## What this task involves
From the data that follows, print exactly the lines starting at the one containing "Pristatomas pirmasis detalus" and ending at the one containing "Ceip virgen del"; include both of them and nothing more.

## Dataset records

+++

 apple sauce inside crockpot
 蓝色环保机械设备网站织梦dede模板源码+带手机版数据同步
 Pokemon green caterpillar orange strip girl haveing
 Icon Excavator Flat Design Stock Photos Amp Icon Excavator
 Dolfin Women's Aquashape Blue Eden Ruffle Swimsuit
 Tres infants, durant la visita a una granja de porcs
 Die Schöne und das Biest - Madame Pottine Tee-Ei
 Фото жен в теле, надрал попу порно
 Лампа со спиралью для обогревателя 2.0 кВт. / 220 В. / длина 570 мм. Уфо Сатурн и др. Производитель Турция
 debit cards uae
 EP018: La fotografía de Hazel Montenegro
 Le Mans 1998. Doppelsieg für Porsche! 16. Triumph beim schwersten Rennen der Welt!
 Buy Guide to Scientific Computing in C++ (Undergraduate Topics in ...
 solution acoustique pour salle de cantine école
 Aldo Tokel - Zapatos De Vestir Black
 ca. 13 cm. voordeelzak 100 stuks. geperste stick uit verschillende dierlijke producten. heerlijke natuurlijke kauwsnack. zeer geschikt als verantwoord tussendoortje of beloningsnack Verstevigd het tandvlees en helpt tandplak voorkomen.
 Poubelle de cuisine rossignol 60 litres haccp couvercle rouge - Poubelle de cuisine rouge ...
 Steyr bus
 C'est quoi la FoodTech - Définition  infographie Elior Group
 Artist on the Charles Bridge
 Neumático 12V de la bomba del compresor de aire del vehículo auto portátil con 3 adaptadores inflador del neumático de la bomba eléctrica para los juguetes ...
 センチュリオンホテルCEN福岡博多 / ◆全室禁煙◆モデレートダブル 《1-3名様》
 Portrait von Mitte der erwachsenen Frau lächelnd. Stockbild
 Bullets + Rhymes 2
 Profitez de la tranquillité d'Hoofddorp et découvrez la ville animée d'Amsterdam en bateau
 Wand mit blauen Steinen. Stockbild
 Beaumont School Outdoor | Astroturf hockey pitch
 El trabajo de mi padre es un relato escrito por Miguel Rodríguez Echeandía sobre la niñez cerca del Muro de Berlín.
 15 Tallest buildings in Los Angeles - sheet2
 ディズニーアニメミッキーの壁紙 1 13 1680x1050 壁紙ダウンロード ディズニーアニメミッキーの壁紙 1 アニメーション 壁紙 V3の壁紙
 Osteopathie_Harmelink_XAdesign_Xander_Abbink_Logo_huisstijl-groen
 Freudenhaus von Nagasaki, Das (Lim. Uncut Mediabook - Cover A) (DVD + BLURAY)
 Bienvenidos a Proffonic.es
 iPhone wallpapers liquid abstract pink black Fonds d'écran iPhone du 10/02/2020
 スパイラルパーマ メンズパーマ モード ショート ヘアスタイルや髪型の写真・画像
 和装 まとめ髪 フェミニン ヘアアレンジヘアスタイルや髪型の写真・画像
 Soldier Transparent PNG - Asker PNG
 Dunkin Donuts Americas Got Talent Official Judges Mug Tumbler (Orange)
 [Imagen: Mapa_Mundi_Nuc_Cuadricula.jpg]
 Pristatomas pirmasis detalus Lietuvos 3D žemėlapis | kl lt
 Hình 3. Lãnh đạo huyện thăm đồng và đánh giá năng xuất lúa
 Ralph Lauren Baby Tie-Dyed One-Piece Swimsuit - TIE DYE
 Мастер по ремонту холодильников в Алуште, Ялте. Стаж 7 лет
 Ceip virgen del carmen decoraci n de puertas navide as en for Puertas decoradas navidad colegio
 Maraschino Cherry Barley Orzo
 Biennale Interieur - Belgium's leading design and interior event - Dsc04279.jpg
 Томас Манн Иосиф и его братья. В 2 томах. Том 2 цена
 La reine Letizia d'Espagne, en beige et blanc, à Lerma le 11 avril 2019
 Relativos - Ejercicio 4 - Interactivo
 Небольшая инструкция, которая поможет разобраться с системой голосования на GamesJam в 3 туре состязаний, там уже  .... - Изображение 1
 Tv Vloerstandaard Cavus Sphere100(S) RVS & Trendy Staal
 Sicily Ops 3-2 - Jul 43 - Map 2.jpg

+++

## The completed task
 Pristatomas pirmasis detalus Lietuvos 3D žemėlapis | kl lt
 Hình 3. Lãnh đạo huyện thăm đồng và đánh giá năng xuất lúa
 Ralph Lauren Baby Tie-Dyed One-Piece Swimsuit - TIE DYE
 Мастер по ремонту холодильников в Алуште, Ялте. Стаж 7 лет
 Ceip virgen del carmen decoraci n de puertas navide as en for Puertas decoradas navidad colegio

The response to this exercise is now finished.